General & Internal Medicine Health Care Sciences & Services Life Sciences & Biomedicine Medicine, General & Internal Science & Technology
BACKGROUND: Lower socioeconomic status is associated with excess disease burden from diabetes. Diabetes self-management support interventions are needed that are effective in engaging lower income patients, addressing competing life priorities and barriers to self-care, and facilitating behavior change.
OBJECTIVE: To pilot test feasibility, acceptability, and effect on disease control of a problem-based diabetes self-management training adapted for low literacy and accessibility.
DESIGN: Two-arm randomized controlled trial powered to detect a 0.50% change in A1C at follow-up with a 2-sided alpha of 0.05 in a pooled analysis.
PARTICIPANTS: Fifty-six urban African-American patients with type 2 diabetes and suboptimal blood sugar, blood pressure, or cholesterol control recruited from a diabetes registry within a university-affiliated managed care organization.
INTERVENTIONS: A group, problem-based diabetes self-management training designed for delivery in an intensive and a condensed program format. Three intensive and three condensed program groups were conducted during the trial.
MAIN MEASURES: Clinical (A1C, systolic blood pressure [SBP], diastolic blood pressure [DBP], LDL and HDL cholesterol) and behavioral (knowledge, problem solving, self-management behavior) data were measured at baseline, post-intervention, and 3 months post-intervention (corresponding with 6-9 months following baseline).
RESULTS: Adoption of both programs was high (> 85% attendance rates, 95% retention). At 3 months post-intervention, the between-group difference in A1C change was -0.72% (p = 0.02), in favor of the intensive program. A1C reduction was partially mediated by problem-solving skill at follow-up ( = -0.13, p = 0.04). Intensive program patients demonstrated within-group improvements in knowledge (p < 0.001), problem-solving (p = 0.01), and self-management behaviors (p = 0.04). Among the subsets of patients with suboptimal blood pressure or lipids at baseline, the intensive program yielded clinically significant individual improvements in SBP, DBP, and LDL cholesterol. Patient satisfaction and usability ratings were high for both programs.

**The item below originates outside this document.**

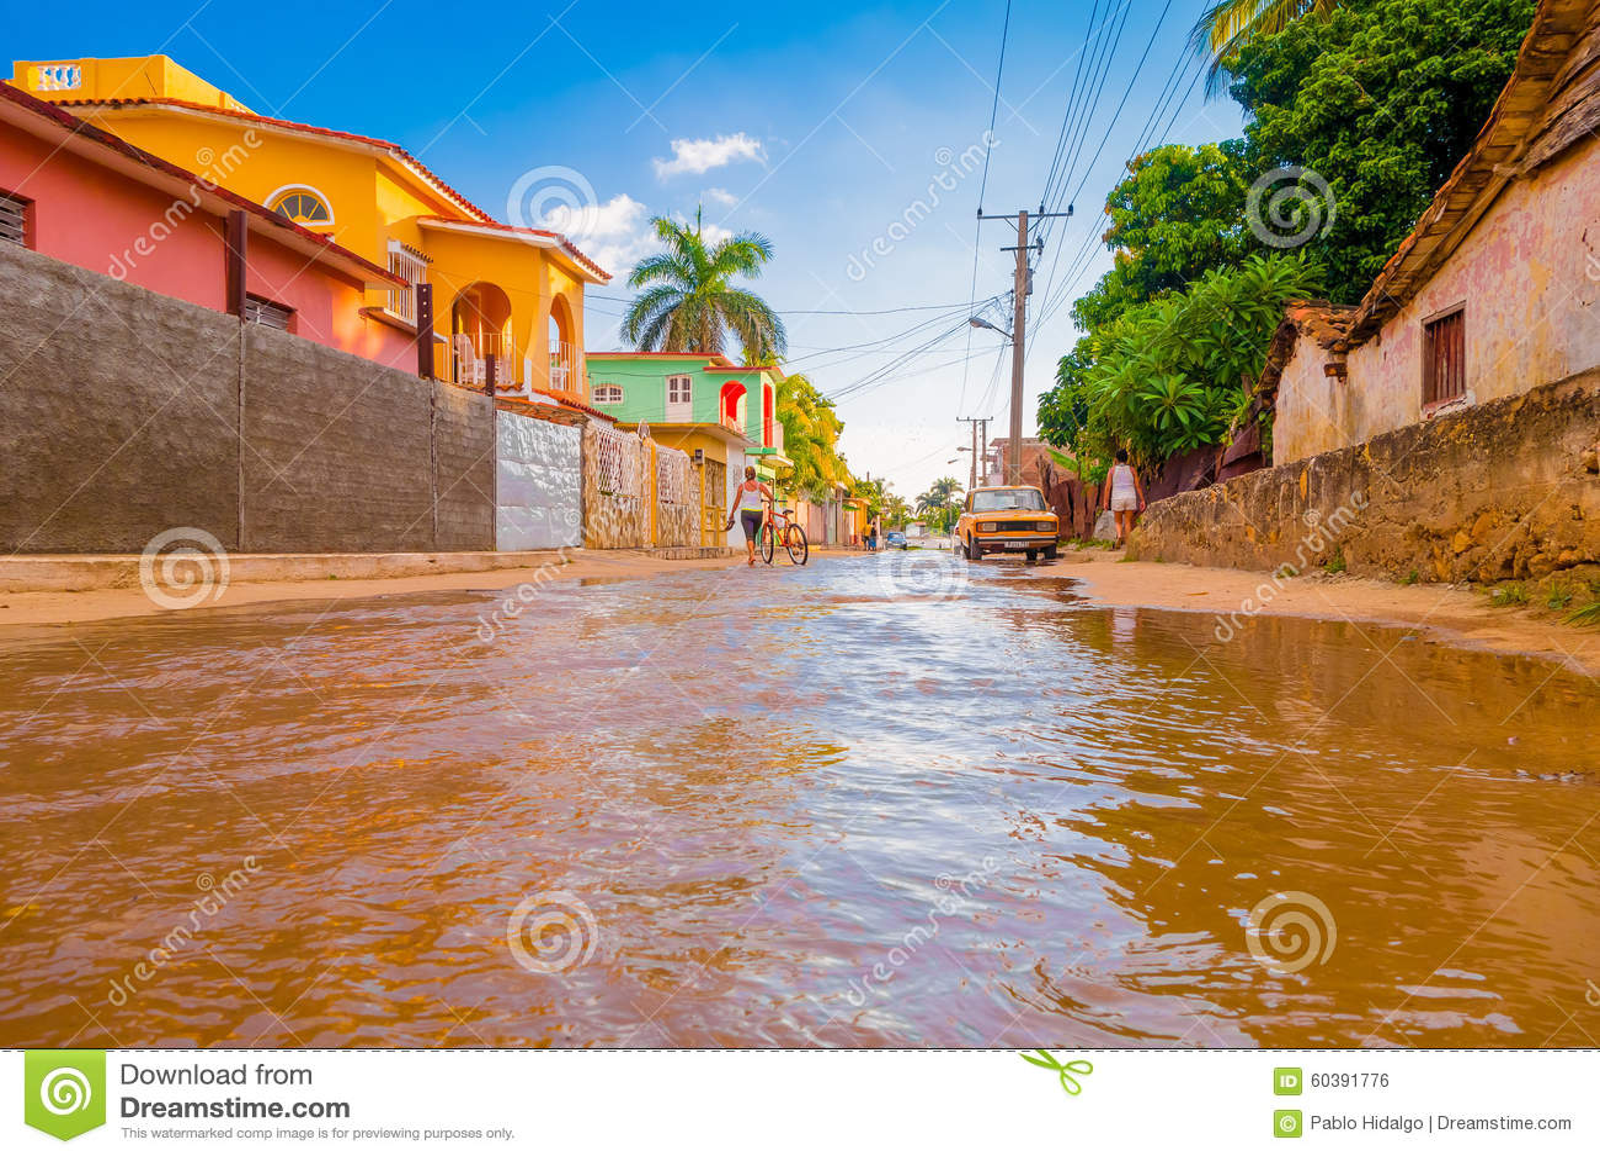 特立尼达,古巴- 2015年9月8日:充斥

CONCLUSIONS: A literacy-adapted, intensive, problem-solving-based diabetes self-management training was effective for key clinical and behavioral outcomes in a lower income patient sample.
Effect of Problem-Solving-Based Diabetes Self-Management Training on Diabetes Control in a Low Income Patient Sample
Creators
Felicia Hill-Briggs - Johns Hopkins University
Mariana Lazo - Bloomberg (United States)
Mark Peyrot - Loyola University Maryland
Angela Doswell - Johns Hopkins Medicine
Yi-Ting Chang - Johns Hopkins Medicine
Martha N. Hill - Johns Hopkins University
David Levine - Johns Hopkins Medicine
Nae-Yuh Wang - Johns Hopkins Medicine
Frederick L. Brancati - Johns Hopkins Medicine
Publication Details
Journal of general internal medicine : JGIM, v 26(9), pp 972-978
Publisher
Springer Nature
Number of pages
7
Grant note
K01 HL076644 / NHLBI; United States Department of Health & Human Services; National Institutes of Health (NIH) - USA; NIH National Heart Lung & Blood Institute (NHLBI)
P60 DK079637 / NIDDK Diabetes Research and Training Center; United States Department of Health & Human Services; National Institutes of Health (NIH) - USA; NIH National Institute of Diabetes & Digestive & Kidney Diseases (NIDDK)
M01RR000052 / NIH National Center for Research Resources; United States Department of Health & Human Services; National Institutes of Health (NIH) - USA; NIH National Center for Research Resources (NCRR)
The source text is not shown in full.